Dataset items
--- START ---

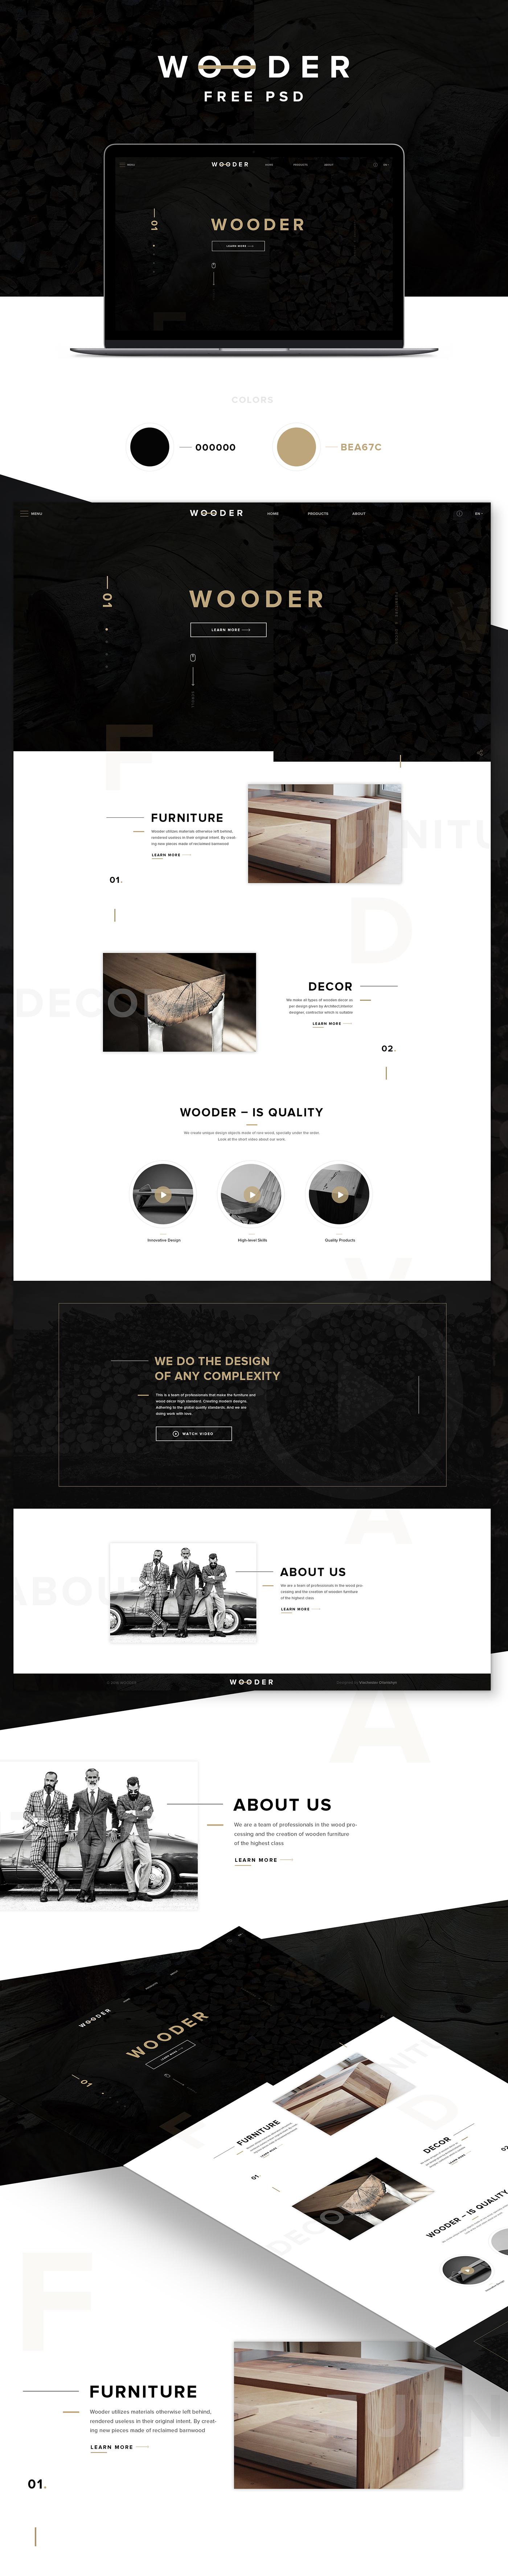 wood free psd freebie template Layout Web site black download Mockup minimal Minimalism gold free psd
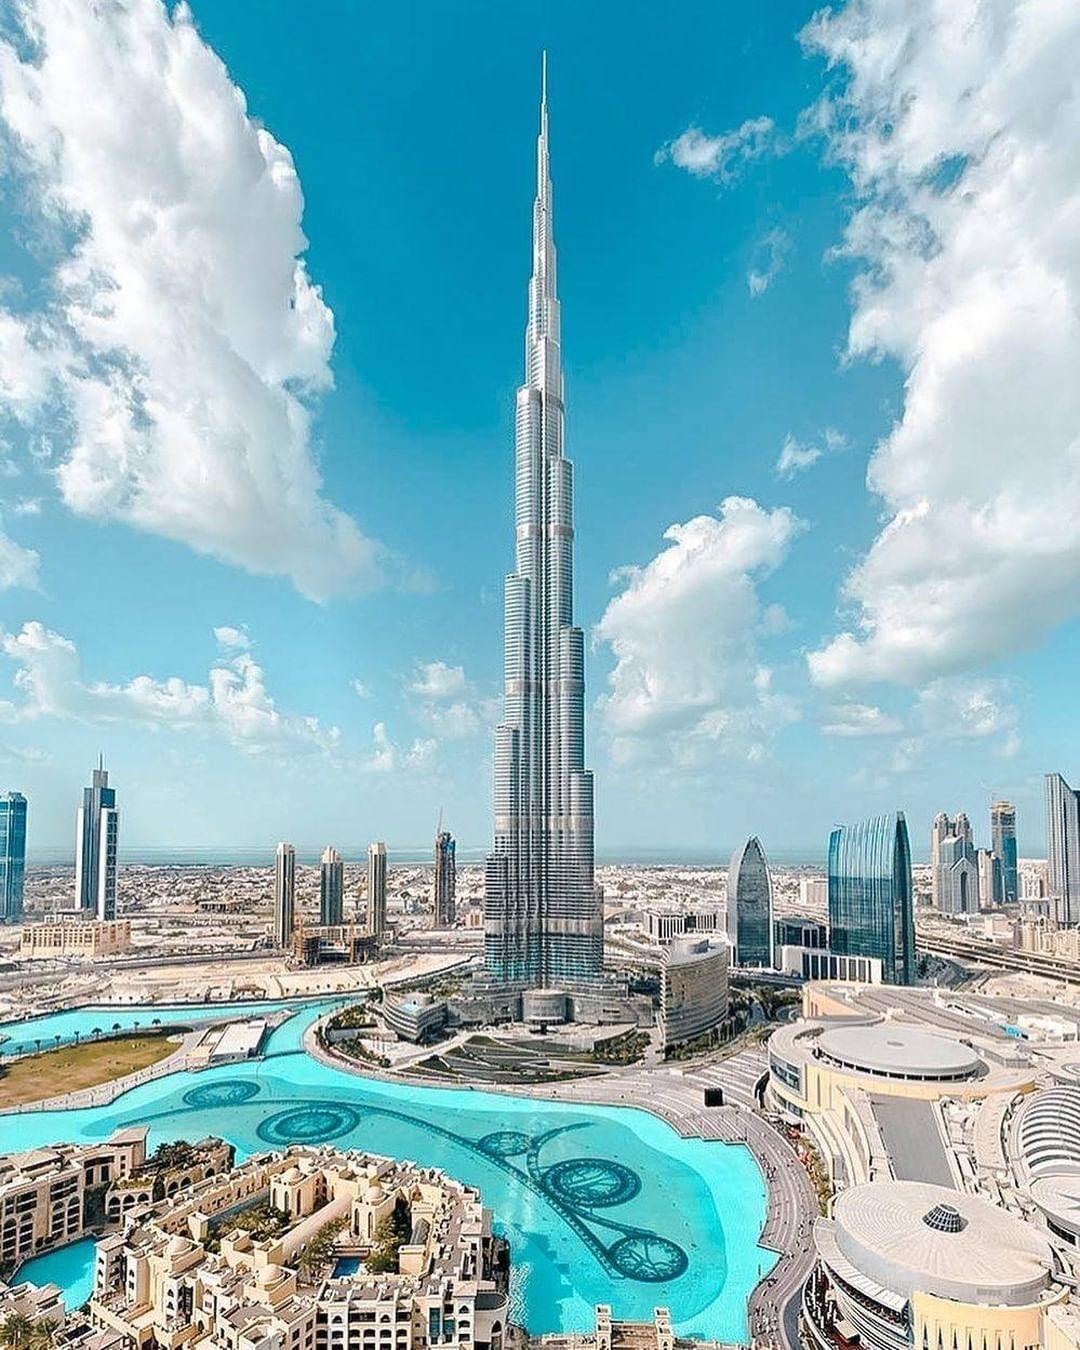 Burj Khalifa Shared A Photo On Instagram قلب دبي ينبض إبداعا وتفر دا برج خليفة An Icon Standing Tall In The Heart Of Dubai Burj Khalifa Dubai Building
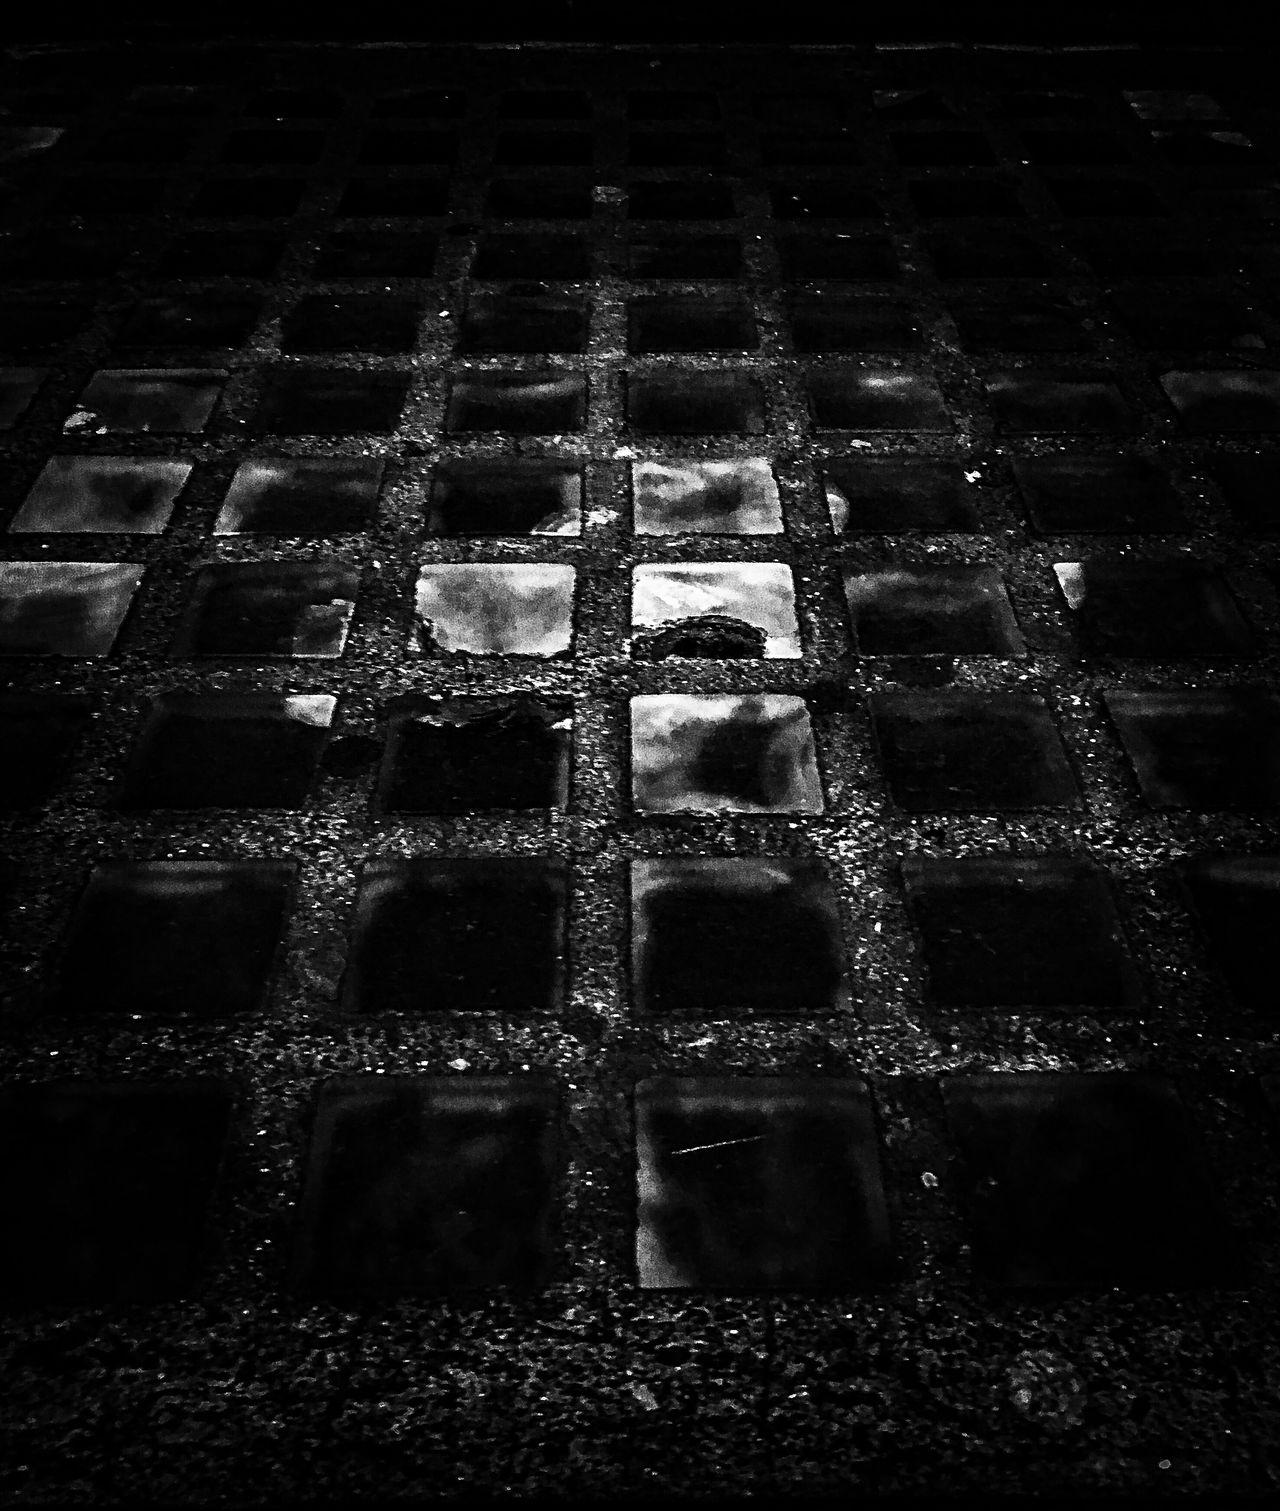 Glass Blocks Pavement Black And White London Streetphotography Urban Exploration Fine Art The Week Of Eyeem Showcase July Creative Photography Weathered Artistic Dark Mood
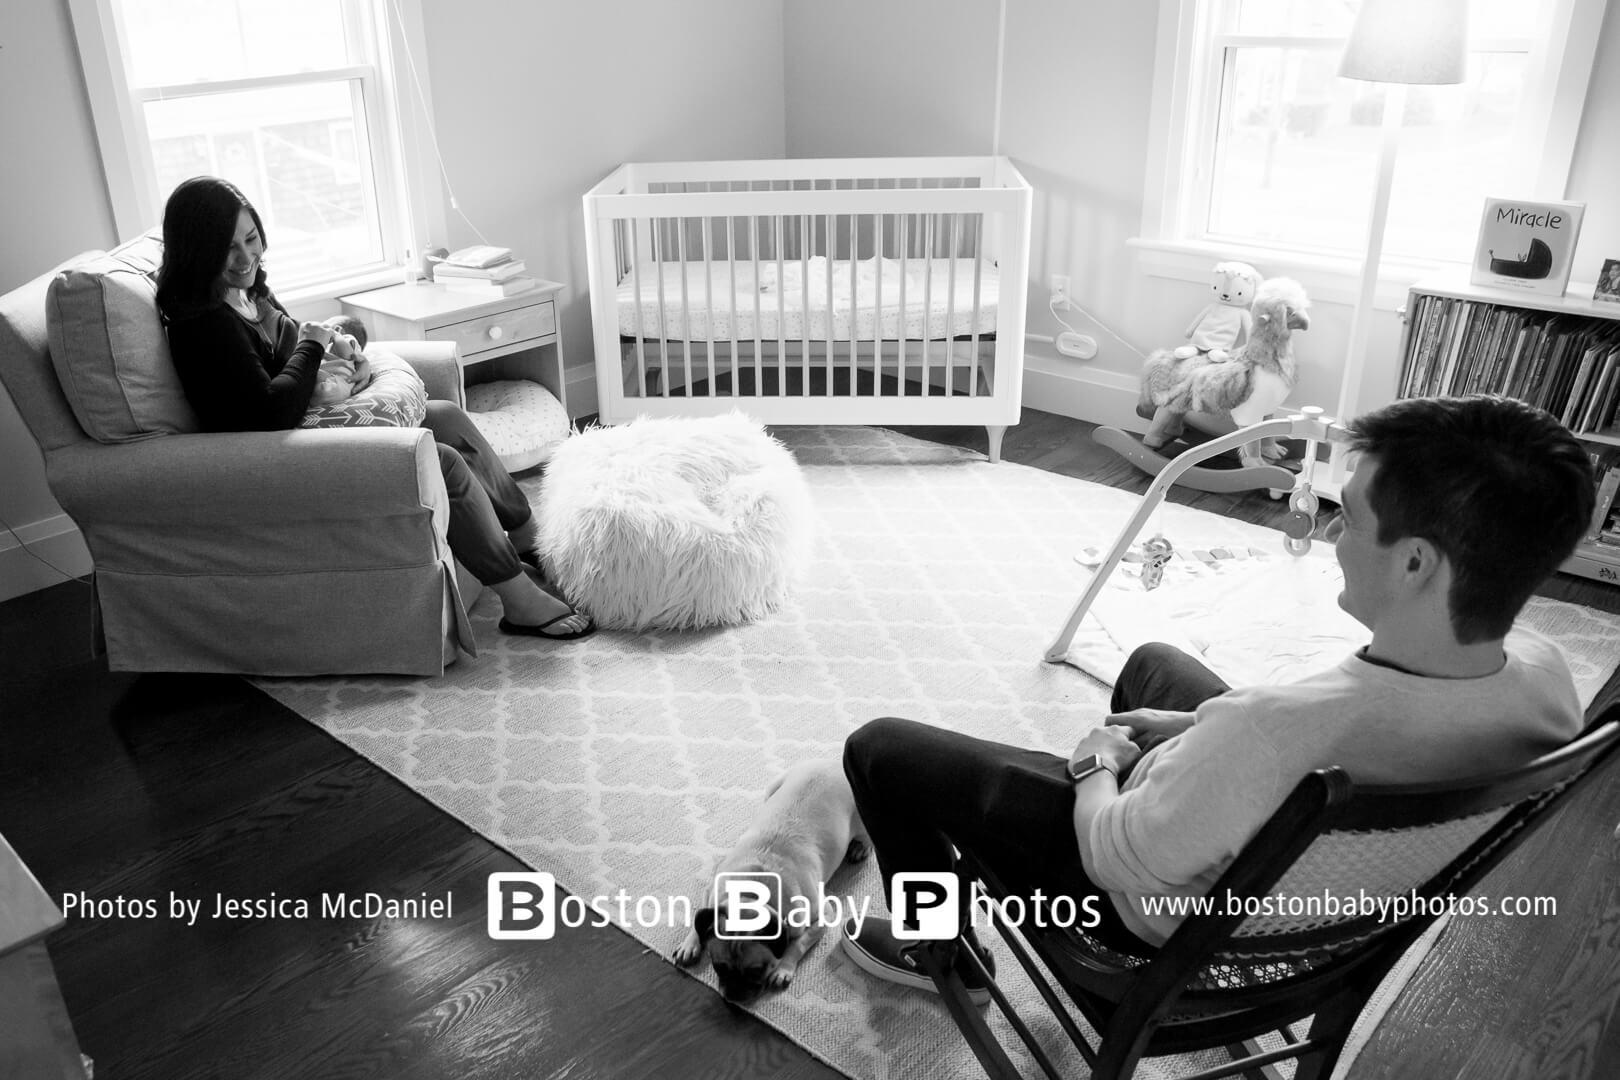 Milton, MA: A sweet new baby girl photoshoot
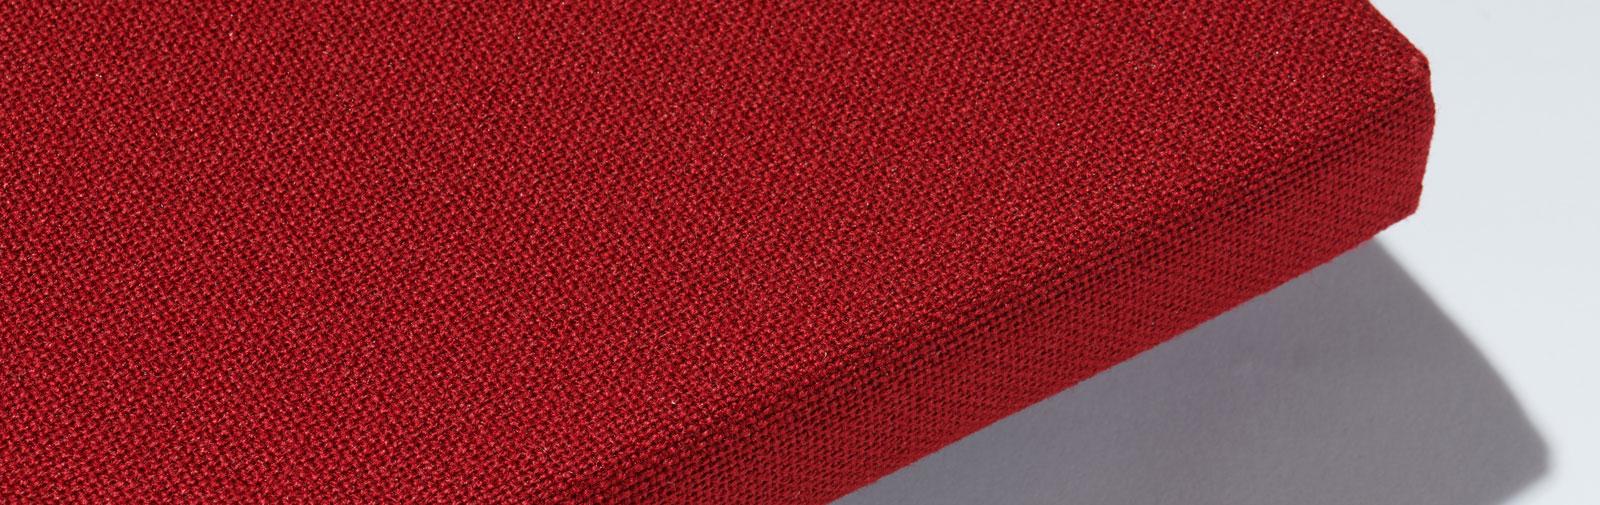 coussin Bankauflage Simplex 40 mm code couleur 7120 couleur rouge clair

--- END ---

_Directions for this task_:
Skip the pictures. Return exactly the lines from the one containing "Glass Blocks Pavement" through the end of the data above, both included, and nothing besides.

_Task output_:
 Glass Blocks Pavement Black And White London Streetphotography Urban Exploration Fine Art The Week Of Eyeem Showcase July Creative Photography Weathered Artistic Dark Mood
 Milton, MA: A sweet new baby girl photoshoot
 coussin Bankauflage Simplex 40 mm code couleur 7120 couleur rouge clair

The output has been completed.